Thanks for the info Laura x


----------



## AnnieGal (Sep 20, 2008)

Hope you don't mind me jumping in here but I'm going too     

Lovely hubby got me tickets for Christmas and I can't wait.

Good luck to anyone looking for tickets.  Well worth the price!

AnnieG xx


----------



## *laura* (Oct 7, 2007)

Hi everyone

So what do you all think of the new album?  I'm going out this afternoon to get a copy    can't wait to hear it.  I've been listening to the previews on itunes and a little upset that Gary doesn't front many of the songs.  Whats going on there?  As much as I love the others you can't beat Garys voice


----------



## Caz (Jul 21, 2002)

I downloaded it on Monday; it's had mixed reviews on the internet but I think some of them were harsh because they compare it to _Beautiful World_ and are finding it different (although I think they're fairly similar if you compare them to old Take That). I've just listened to the two back to back and _The Circus_ is no worse IMO; they're both excellent, mature and well written / produced pieces. Saying something is bad because it's not the same is just daft; that's like say Hotel California isn't as good as Desperado becuase it came after it and yet...huh, which one was a comercial flop and which one topped the album charts for yonks. 
Anyway, I digress, the new single, _Greatest Day_, is by far the best track on it for me and, yes, that one's going to be playing at weddings and on 2012 Olympic adverts for years to come I'm sure! 
Gary does plenty of vocals, don't worry. It's great to see the others getting a chance to lead though. I like the diversity.

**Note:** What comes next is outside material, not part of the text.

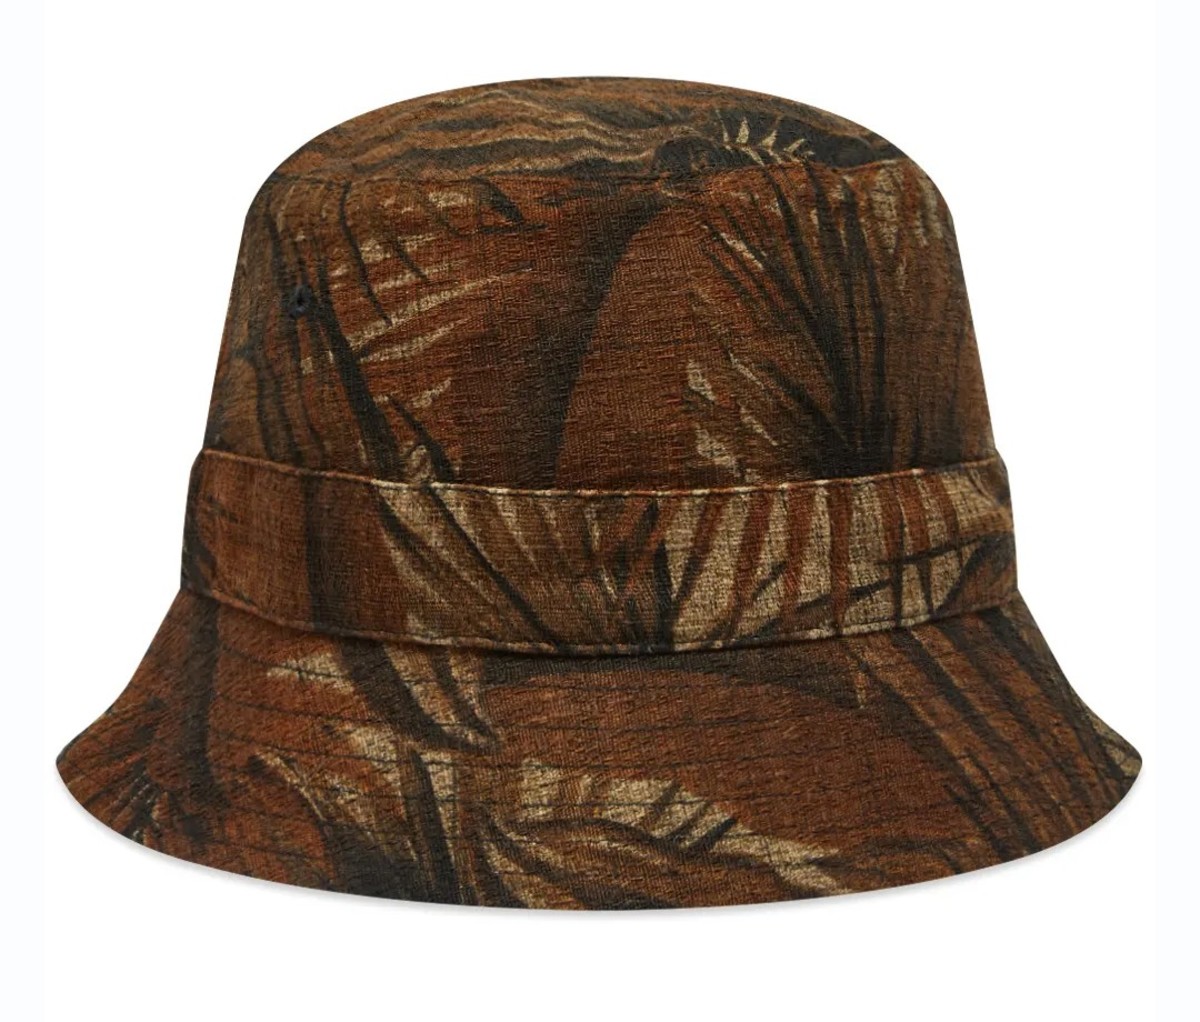 Stylish Bucket Hats for Men to Wear All Summer Long
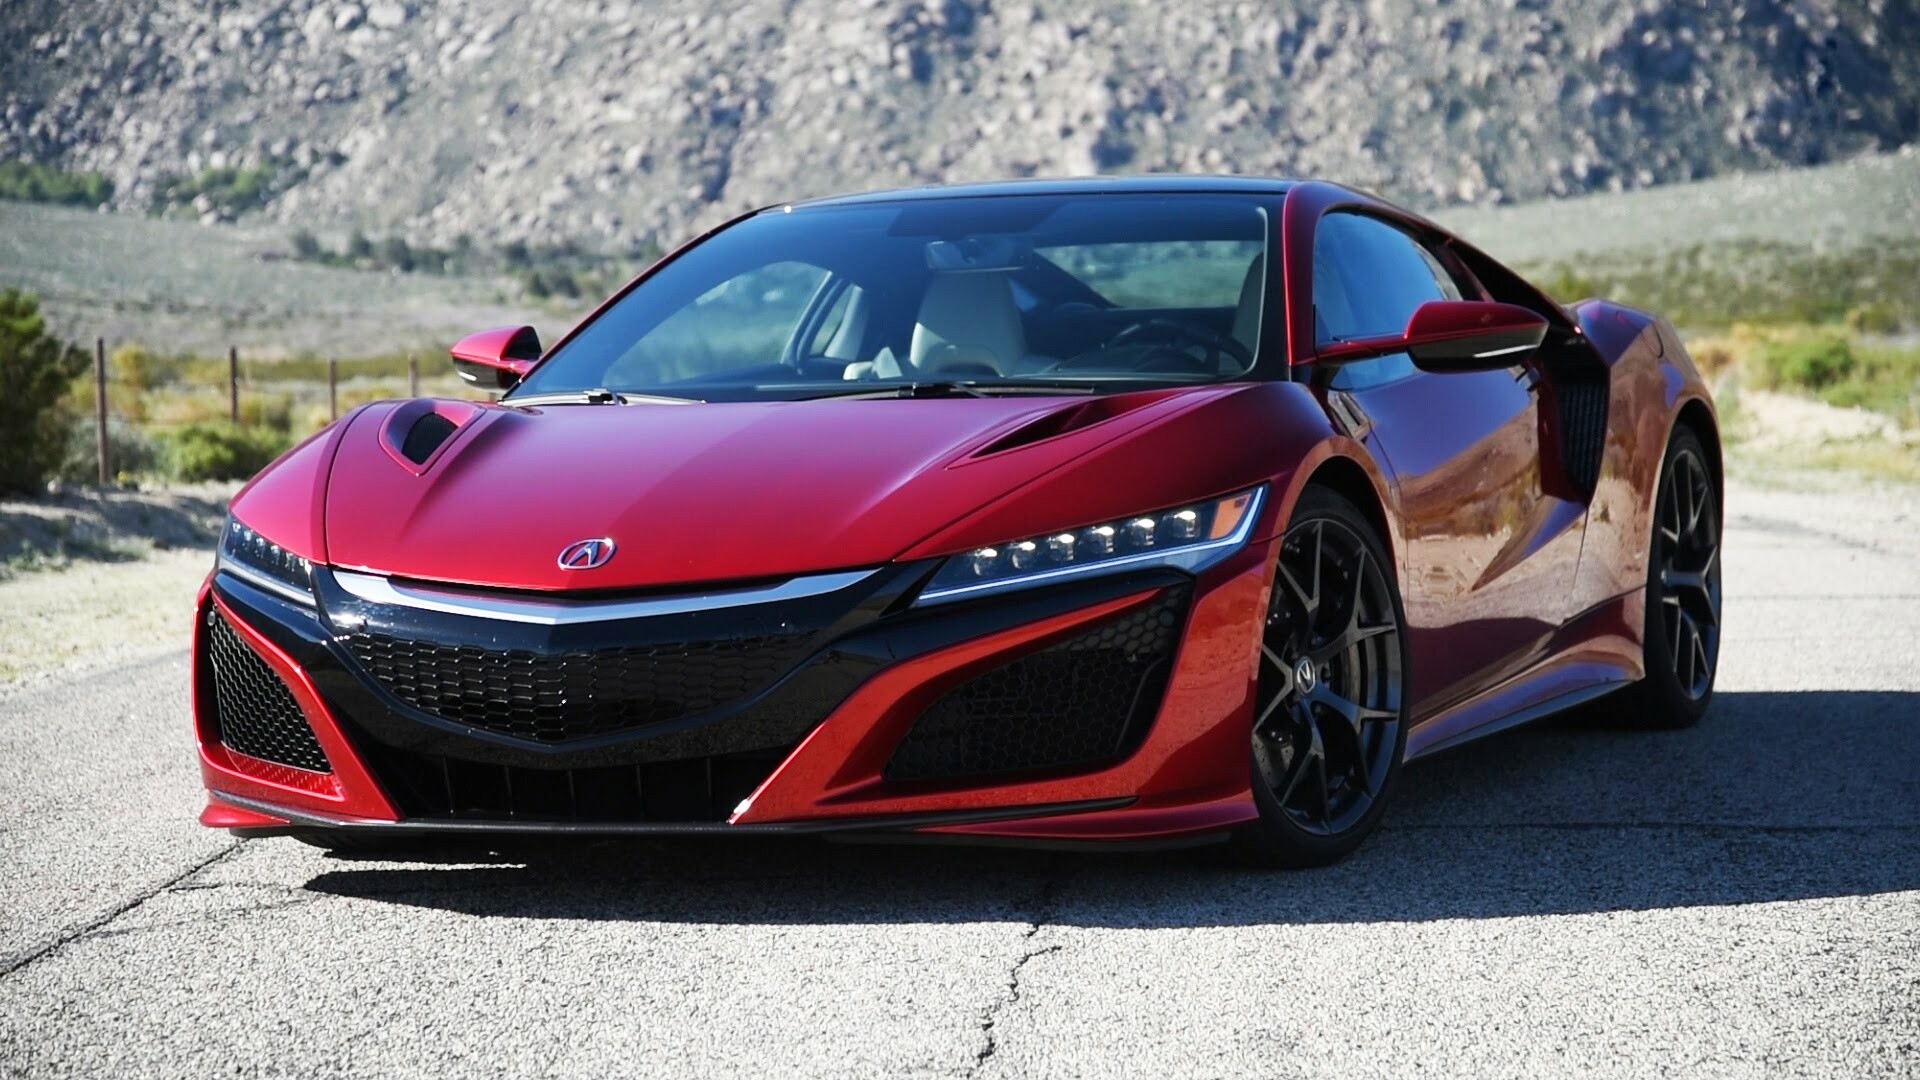 Acura NSX, Vehicles, HQ pictures, 2019, 1920x1080 Full HD Desktop

It's worth the pennies. Or at least put it on your Christmas wish list. 

Caz <--------------- Out-The-Closet Take That fan.


----------



## *laura* (Oct 7, 2007)

Oh good, I'm sure that after a proper listen I'll love it just as much  I really like that Jason sings more, when we saw them at the new year party at the O2 he sang Wooden Boat and it was amazing!!

Don't forget FF's that Take That Come to Town is on Sunday, woohoo 



Caz said:


> Caz <--------------- Out-The-Closet Take That fan.


  I've been out and proud since I was 12, welcome to the Thatters club


----------



## crazychic (Oct 27, 2008)

now then girlie's how jealous am i 

i didn't manage to get tickets this time  around and I'm gutted  i did manage to get to see them twice last year in Belfast and managed to meet them  


if there is a few tickets going spare anywhere after Xmas i may try and get some  ROFL 

Ive not heard the new album yet i pre ordered it from play last Friday and haven't yet received it  and I'm gutted 

i asked my 5 year old daughter the other day what she wanted for Xmas and she sat and said i want take that under the tree mummy lol 

ideas on a postcard how i can get take that under my tree on Xmas morning lol


crazychic-  DH is Howard Donald omg i sooo wish


----------



## *laura* (Oct 7, 2007)

DivaB said:


> Take Thats CIRCUS is outselling Britneys CIRCUS 14 to 1!! Well done boys!!!!!


woohoo!! well done boys    

I got my CD at last!!! I love it, love it, LOVE IT!!! The Garden is my fave at the mo 

crazychic I'm really sorry to disappoint your dd but I'm afraid TT won't make it to yours xmas morning, they'll be under my tree  well we can dream...
btw how cute is she for saying that  she's got taste!


----------